══ GIVEN ENTRIES

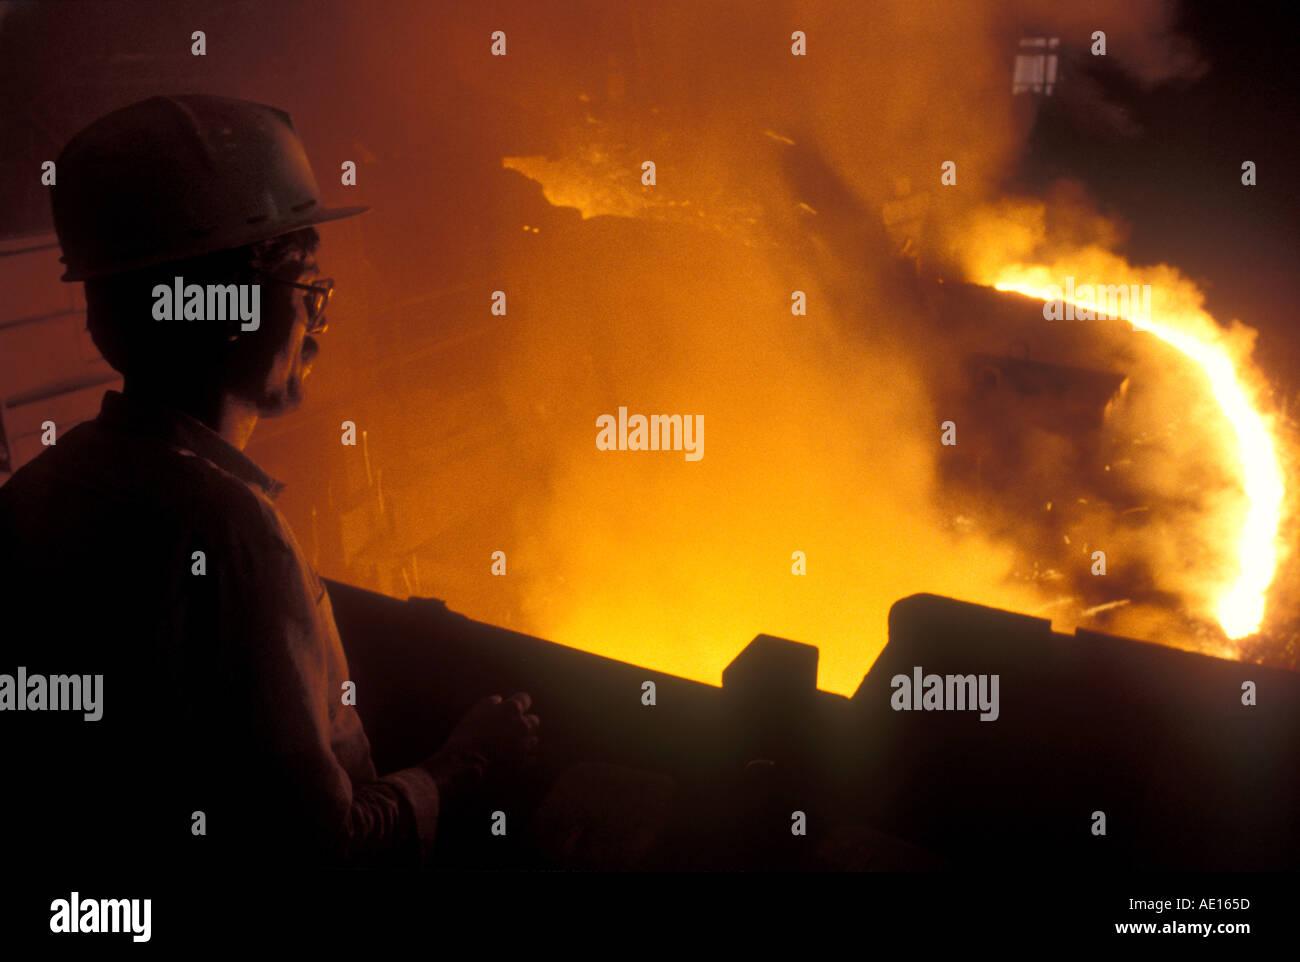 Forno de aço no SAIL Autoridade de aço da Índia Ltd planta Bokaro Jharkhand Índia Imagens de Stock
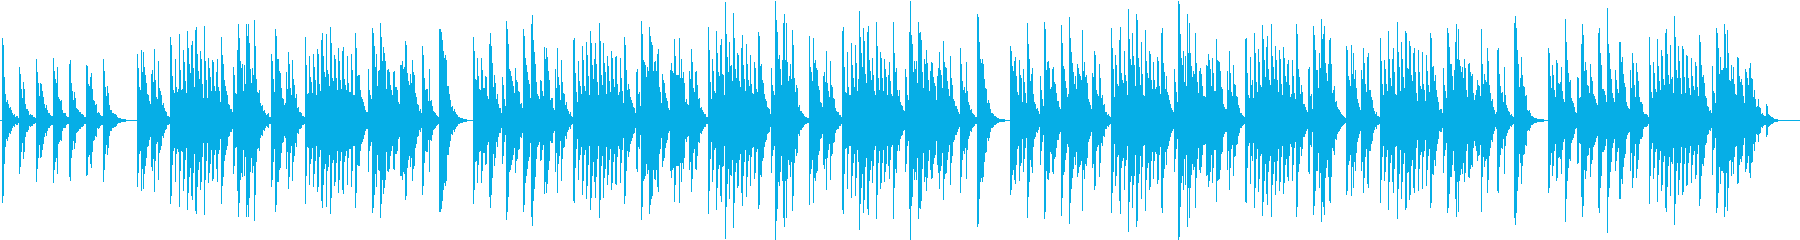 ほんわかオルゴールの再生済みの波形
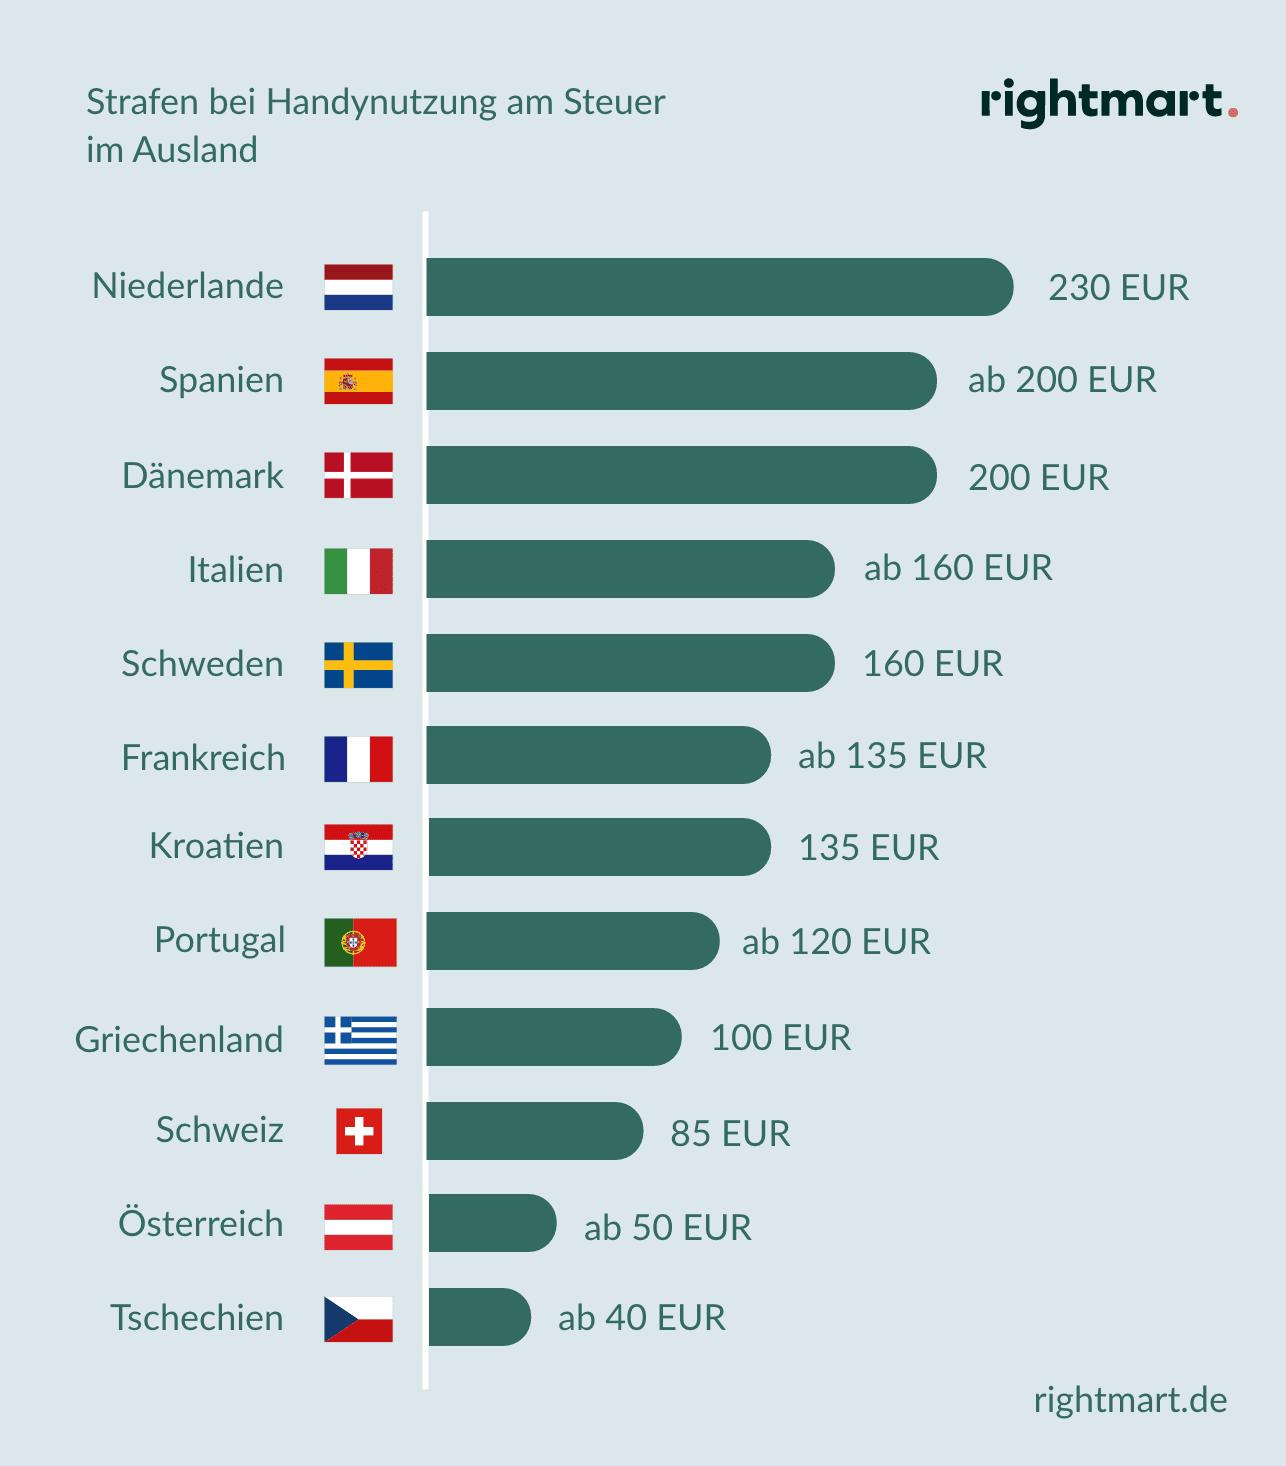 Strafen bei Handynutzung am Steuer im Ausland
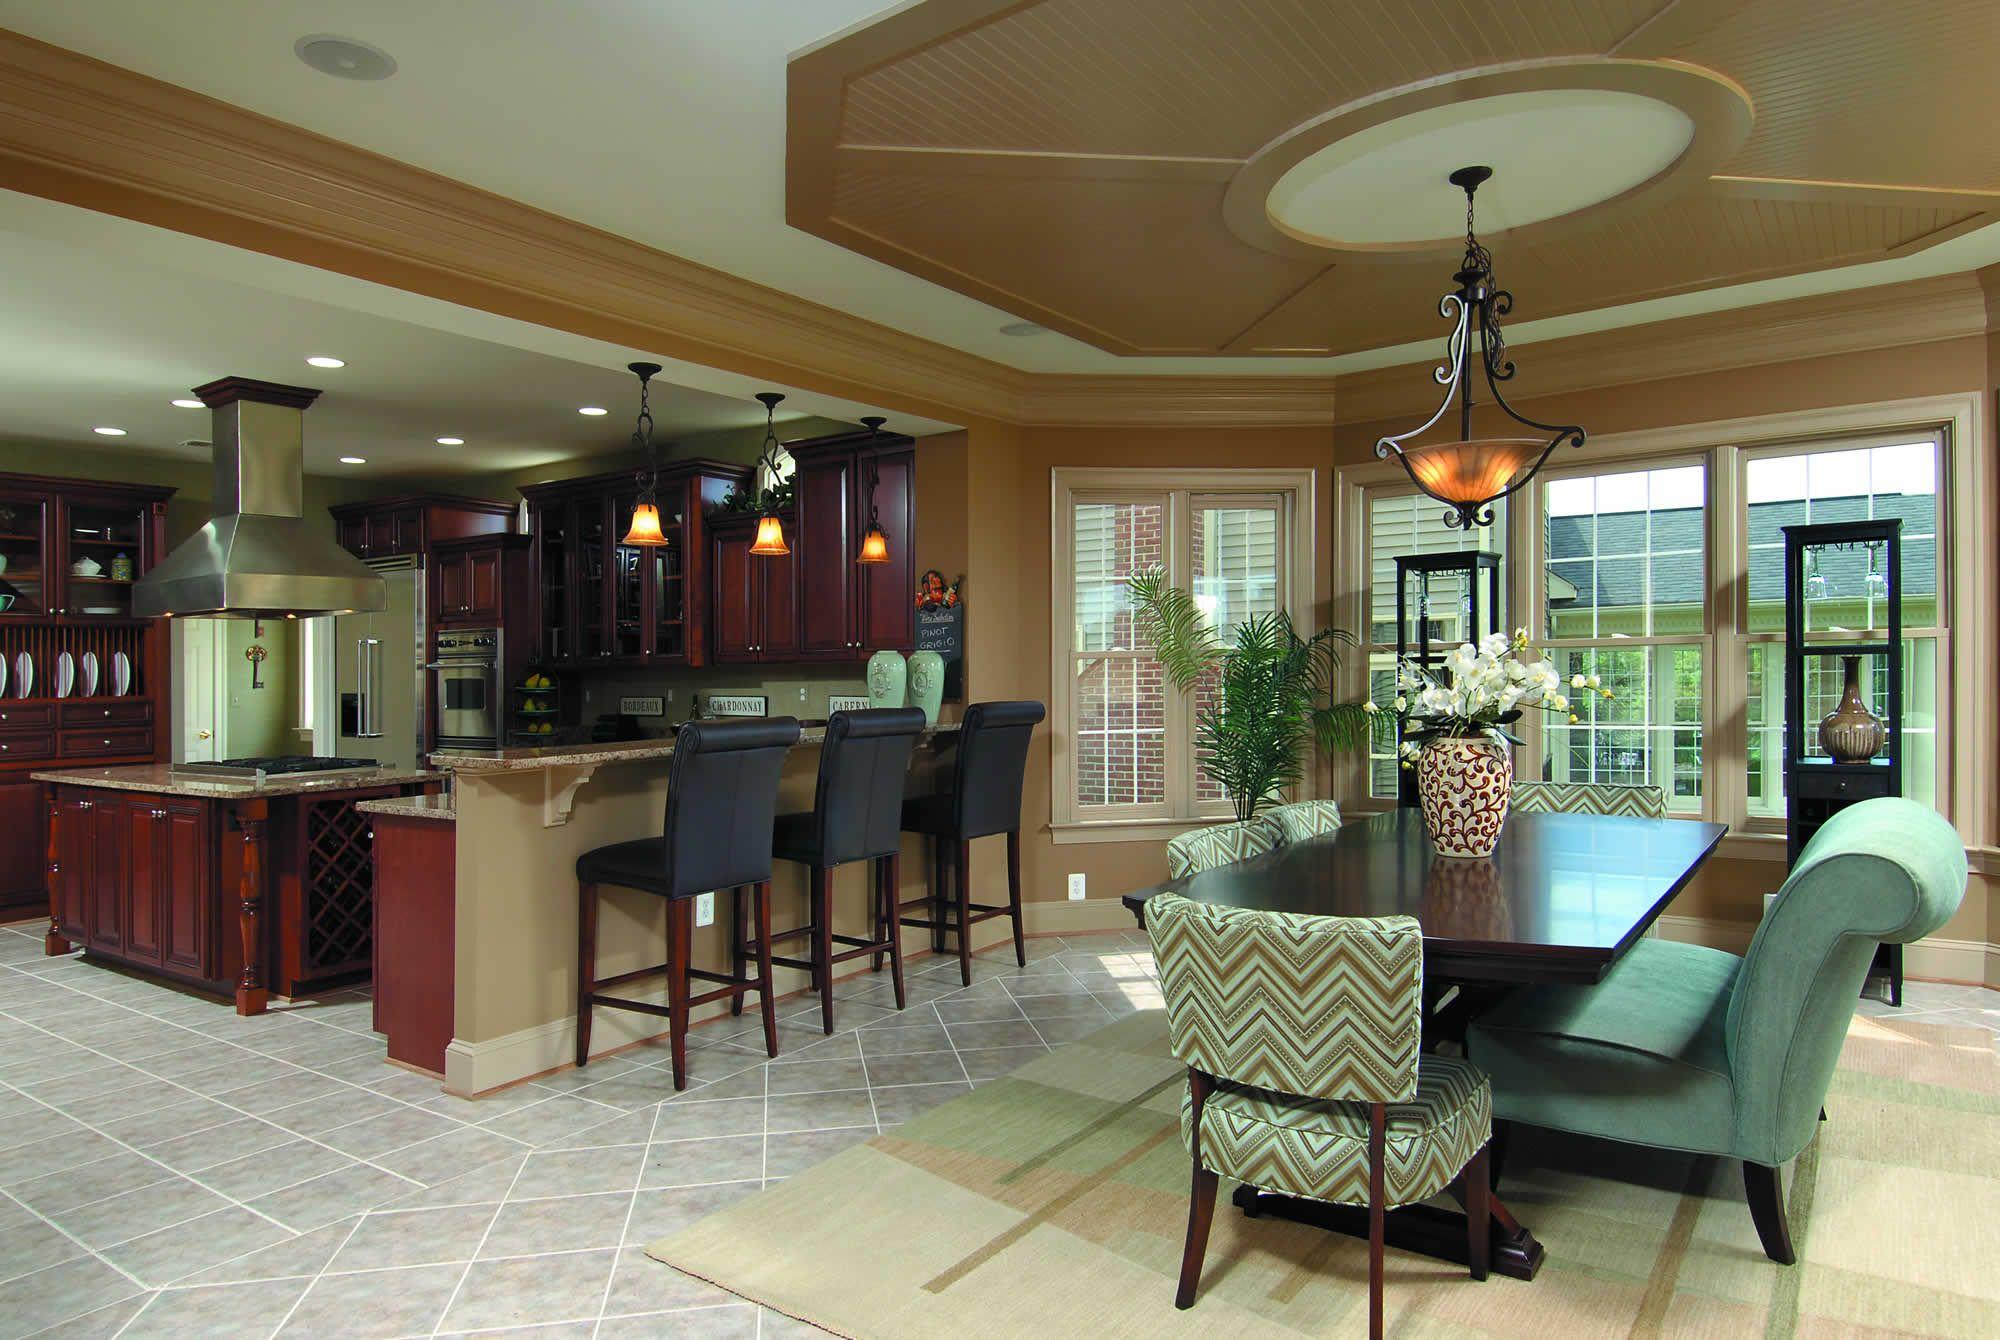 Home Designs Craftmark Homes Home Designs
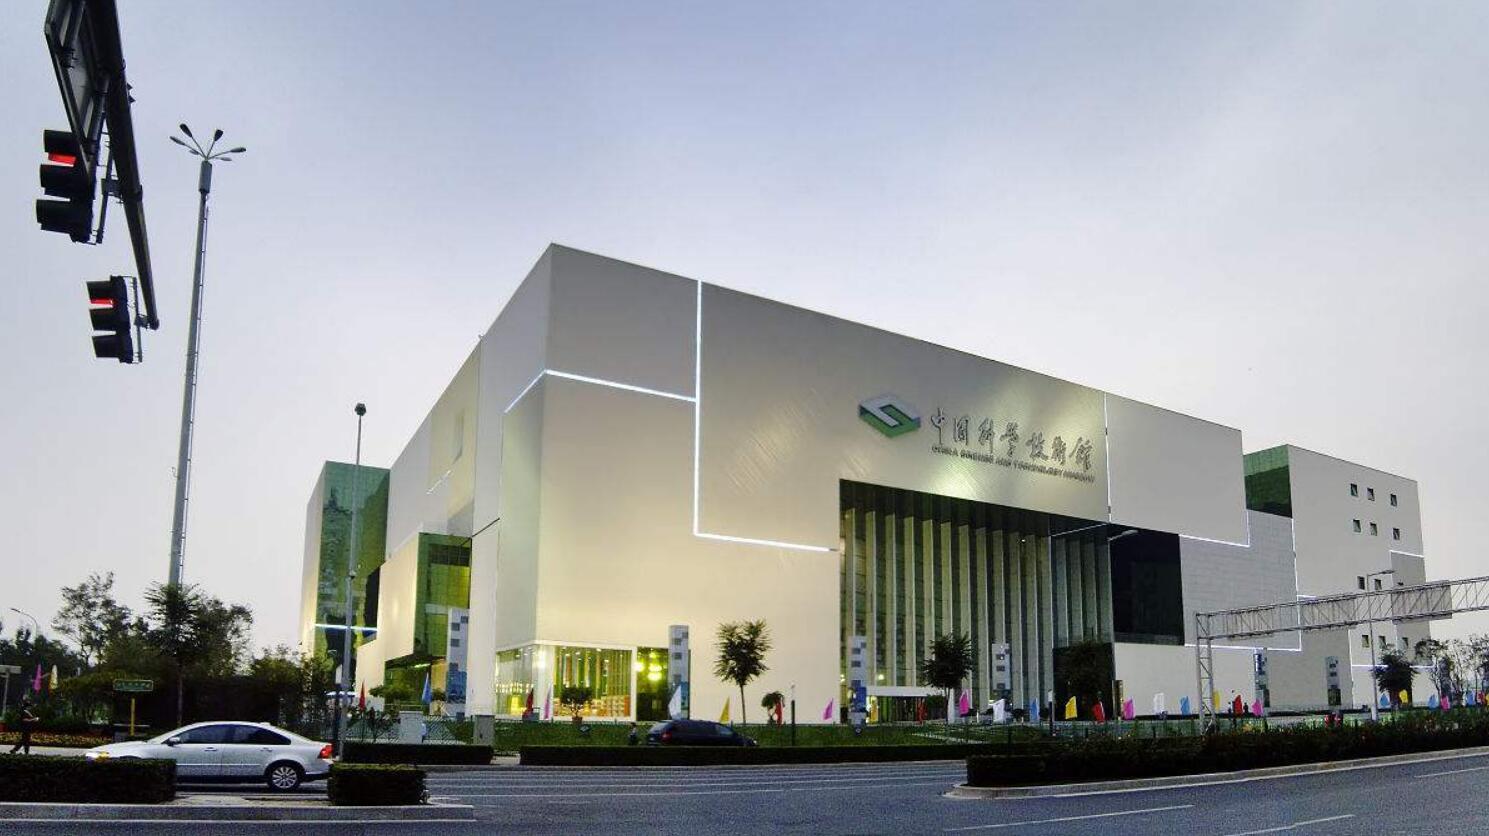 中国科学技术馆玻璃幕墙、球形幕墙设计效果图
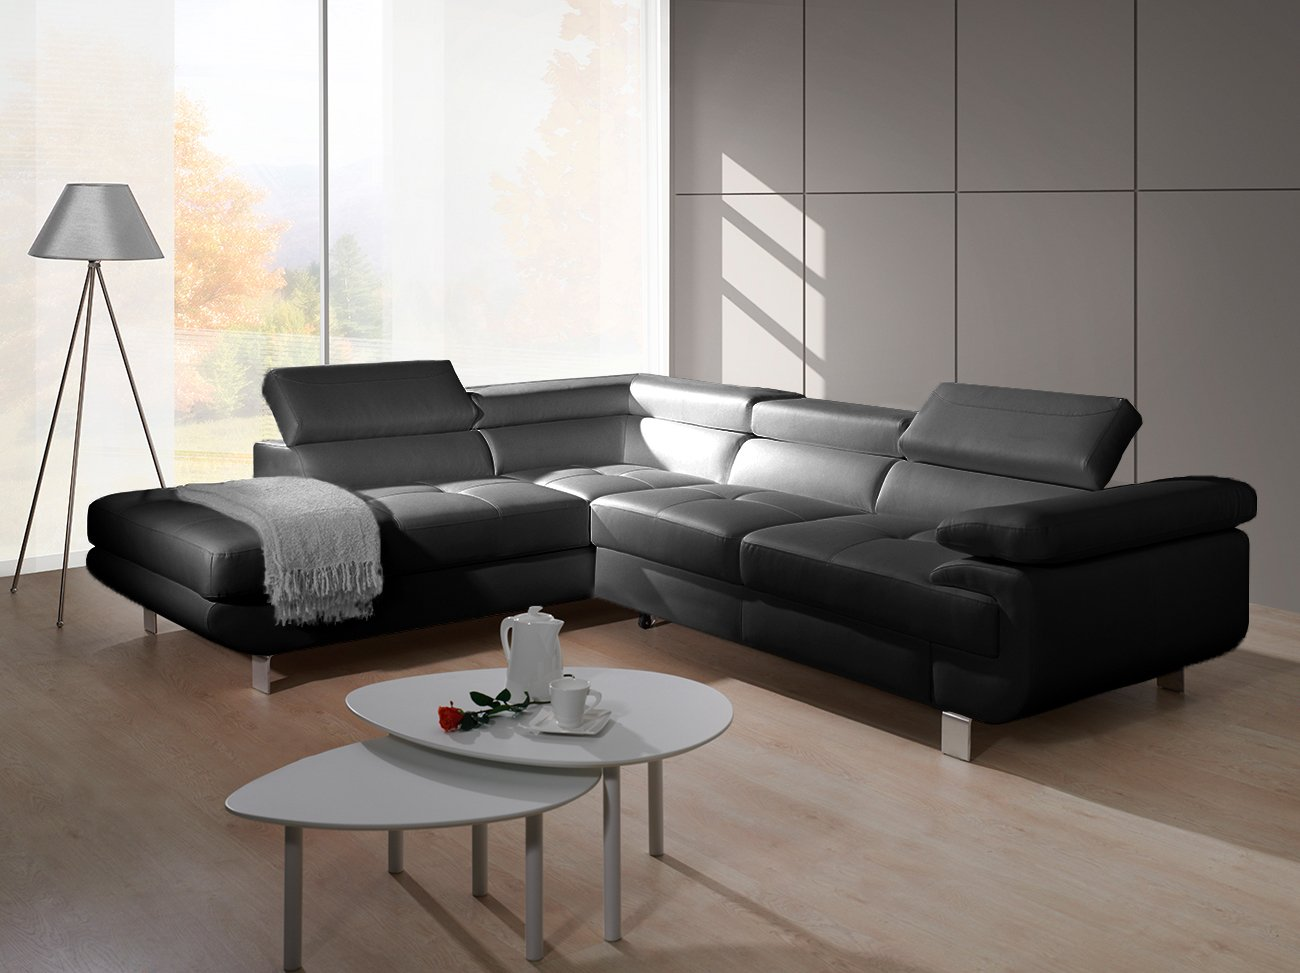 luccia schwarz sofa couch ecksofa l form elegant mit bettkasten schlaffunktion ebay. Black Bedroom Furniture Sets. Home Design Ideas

════

Each line of the data above should be reproduced without alteration, and no picture should appear in the copy.

■ **TASK SOLUTION**:
 Forno de aço no SAIL Autoridade de aço da Índia Ltd planta Bokaro Jharkhand Índia Imagens de Stock
 ほんわかオルゴールの再生済みの波形
 Strafen bei Handynutzung am Steuer im Ausland
 Home Designs Craftmark Homes Home Designs
 中国科学技术馆玻璃幕墙、球形幕墙设计效果图
 luccia schwarz sofa couch ecksofa l form elegant mit bettkasten schlaffunktion ebay. Black Bedroom Furniture Sets. Home Design Ideas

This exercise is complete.